• **Task to complete**
Your copy starts at the line containing "Moormmas Carrier Newborn" and ends at the last line of the material below. Reproduce those lines exactly, with no pictures.

• **Data block**

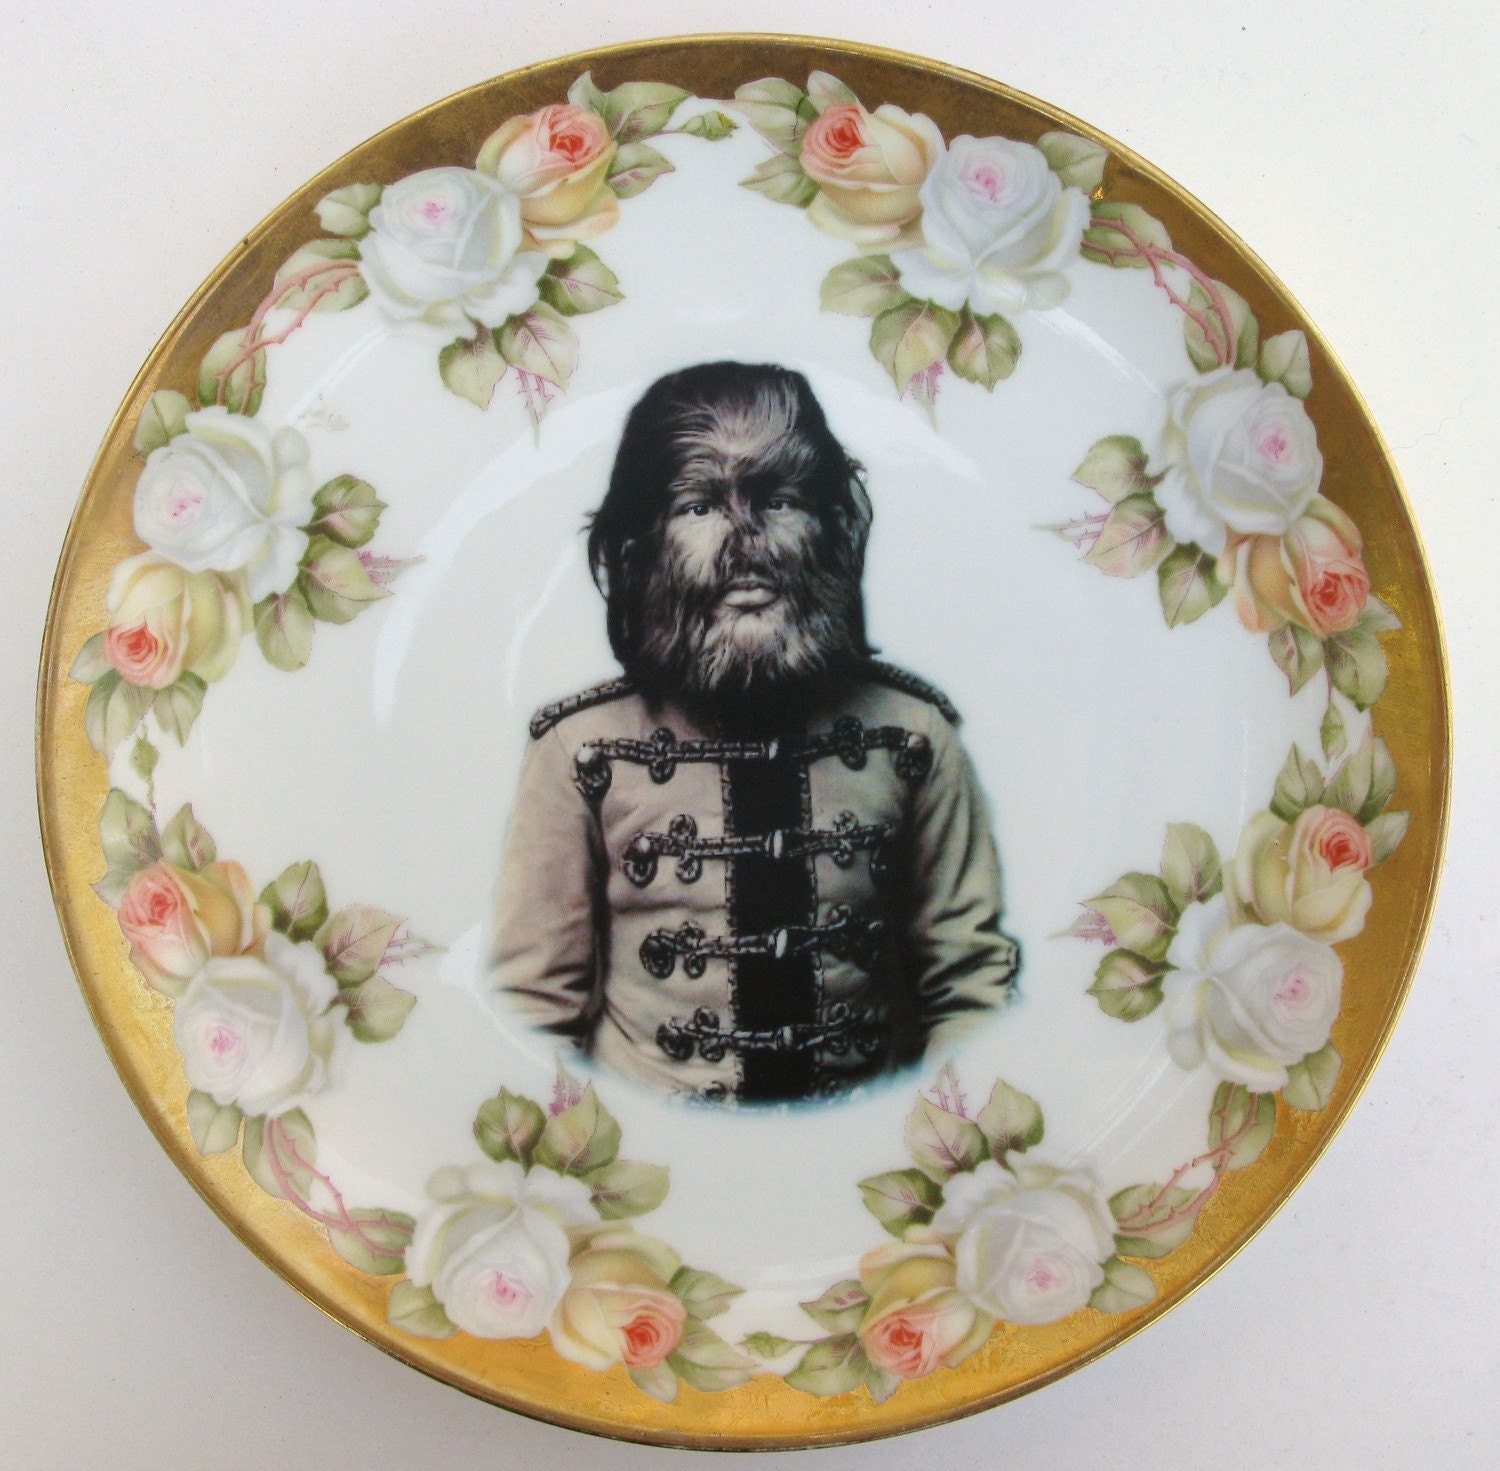 JoJo The Dog Faced Boy - Altered Antique Plate
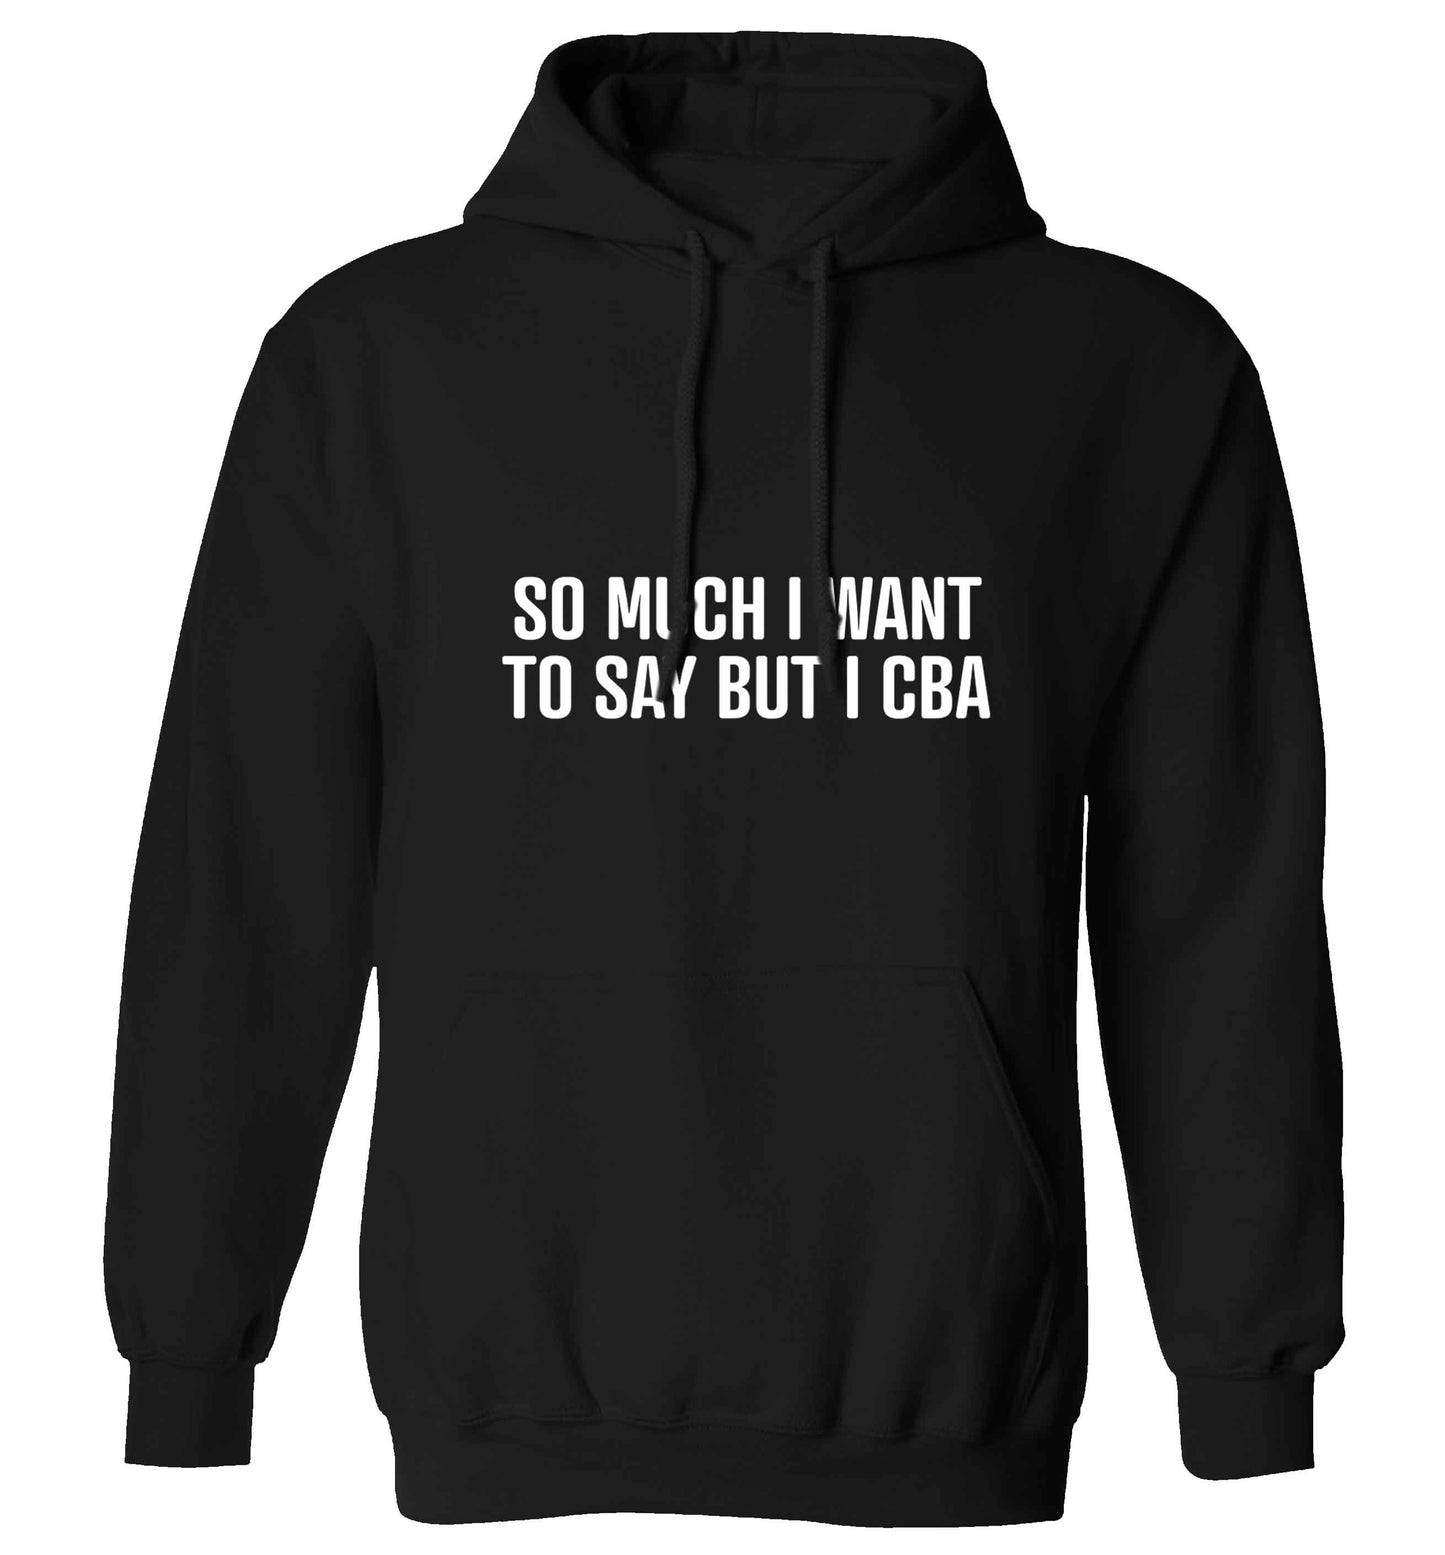 So much I want to say I cba  adults unisex black hoodie 2XL
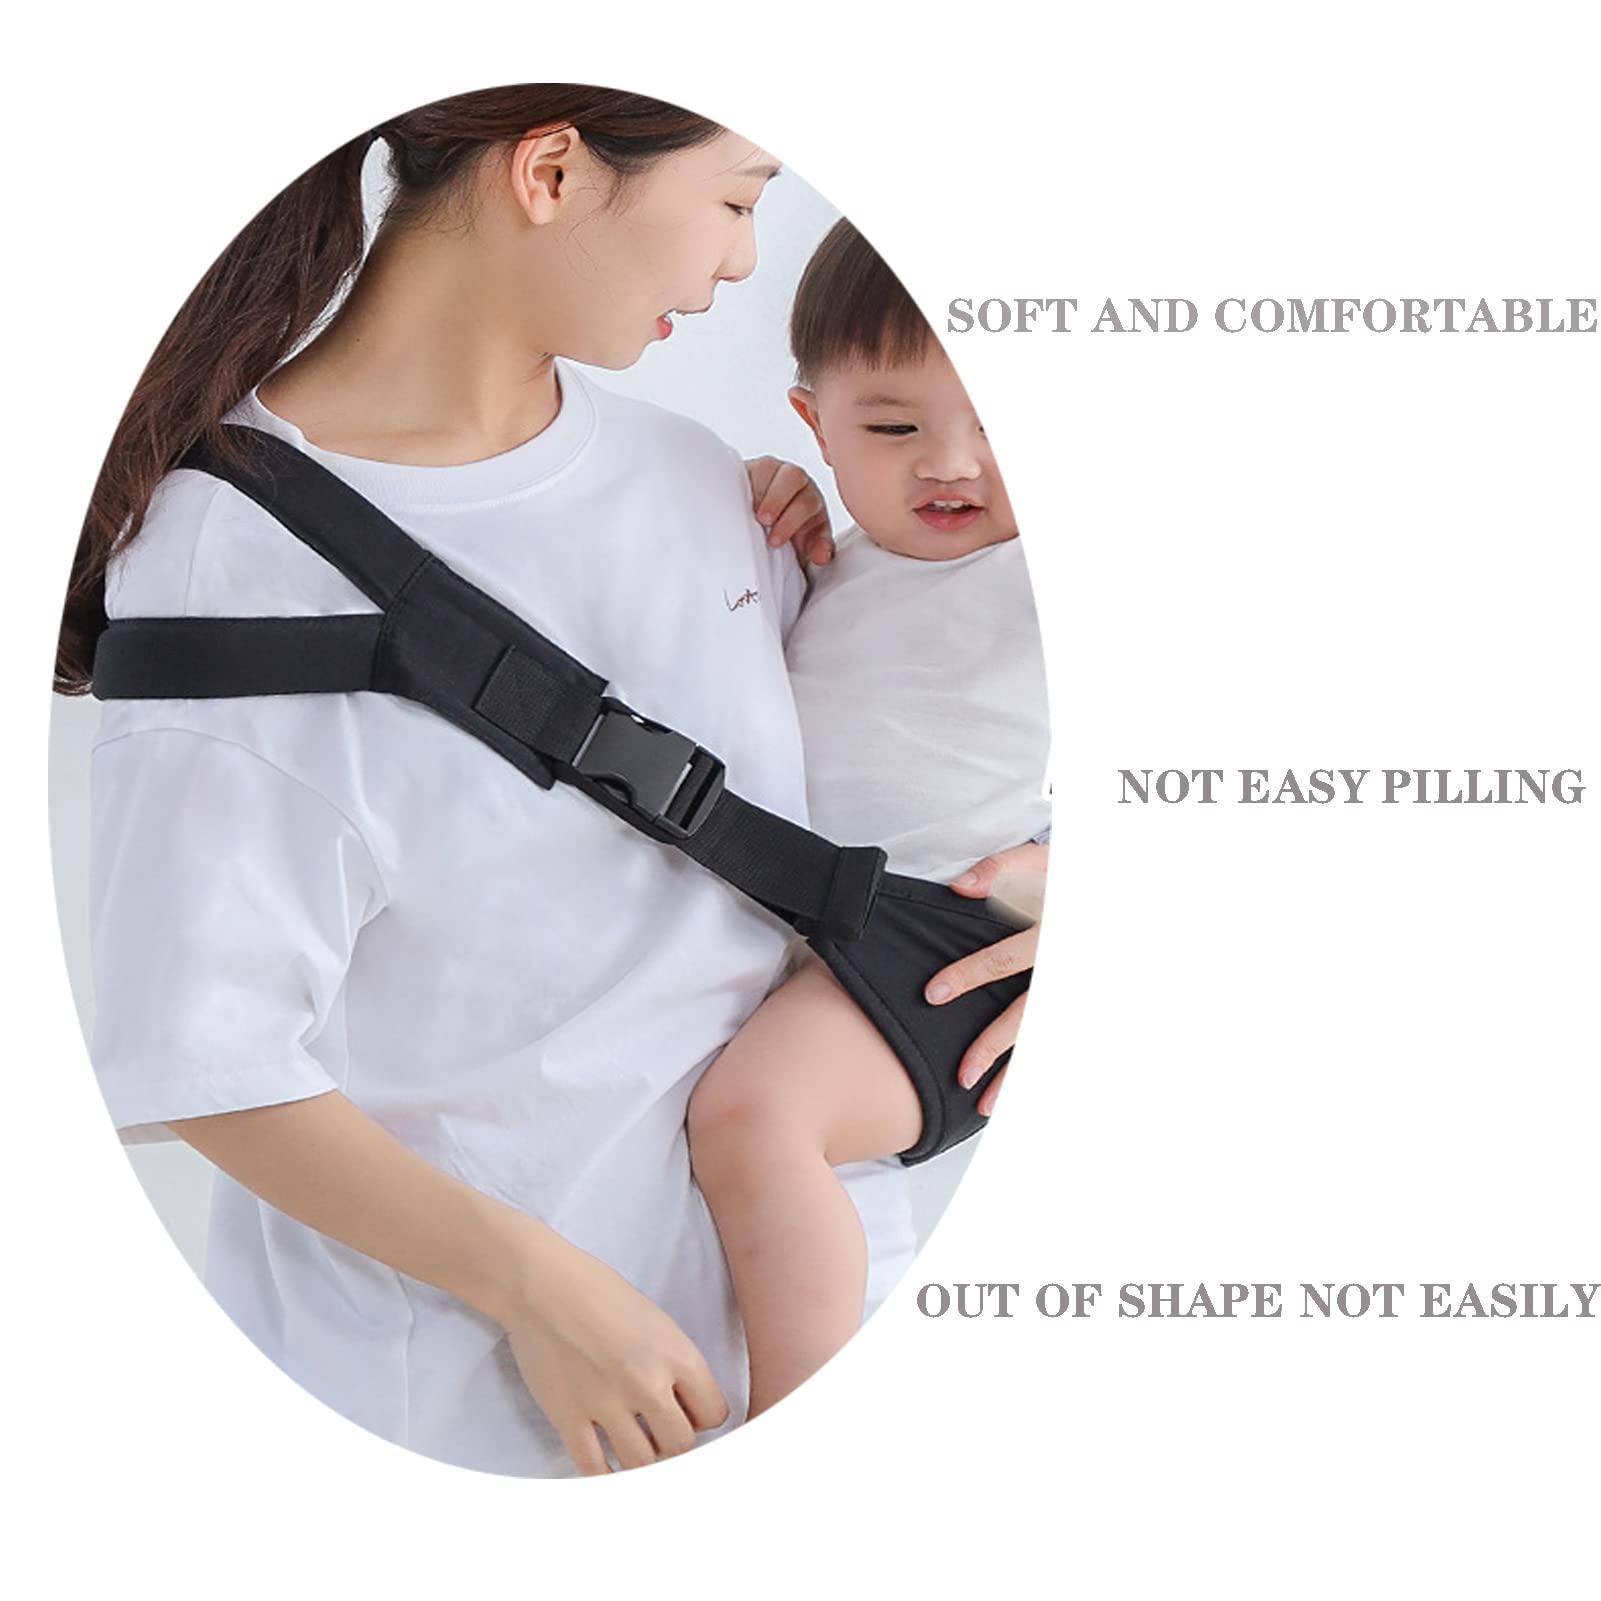 Moormmas Carrier Newborn to Toddler Portable Sling Wraps Strap One Shoulder Labor-Saving Polyester Half Wrapped with Anti-Slip Particles Soft Straps for, Infant &, Black 2, 1.0 Count
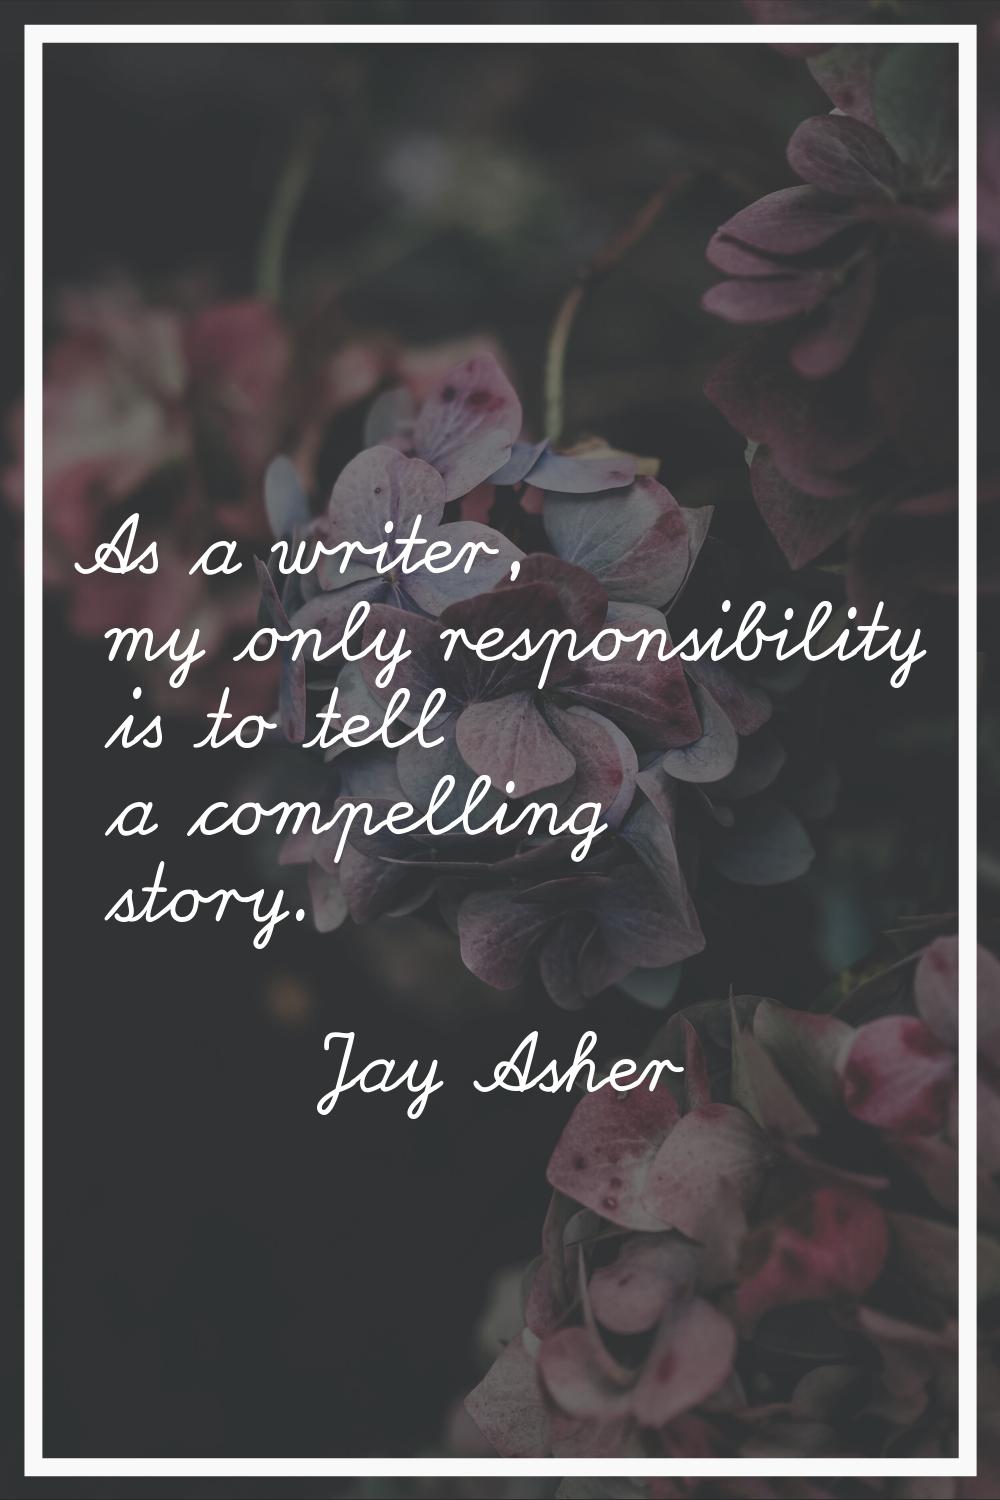 As a writer, my only responsibility is to tell a compelling story.

• **Result of the exercise**
 Moormmas Carrier Newborn to Toddler Portable Sling Wraps Strap One Shoulder Labor-Saving Polyester Half Wrapped with Anti-Slip Particles Soft Straps for, Infant &, Black 2, 1.0 Count
 As a writer, my only responsibility is to tell a compelling story.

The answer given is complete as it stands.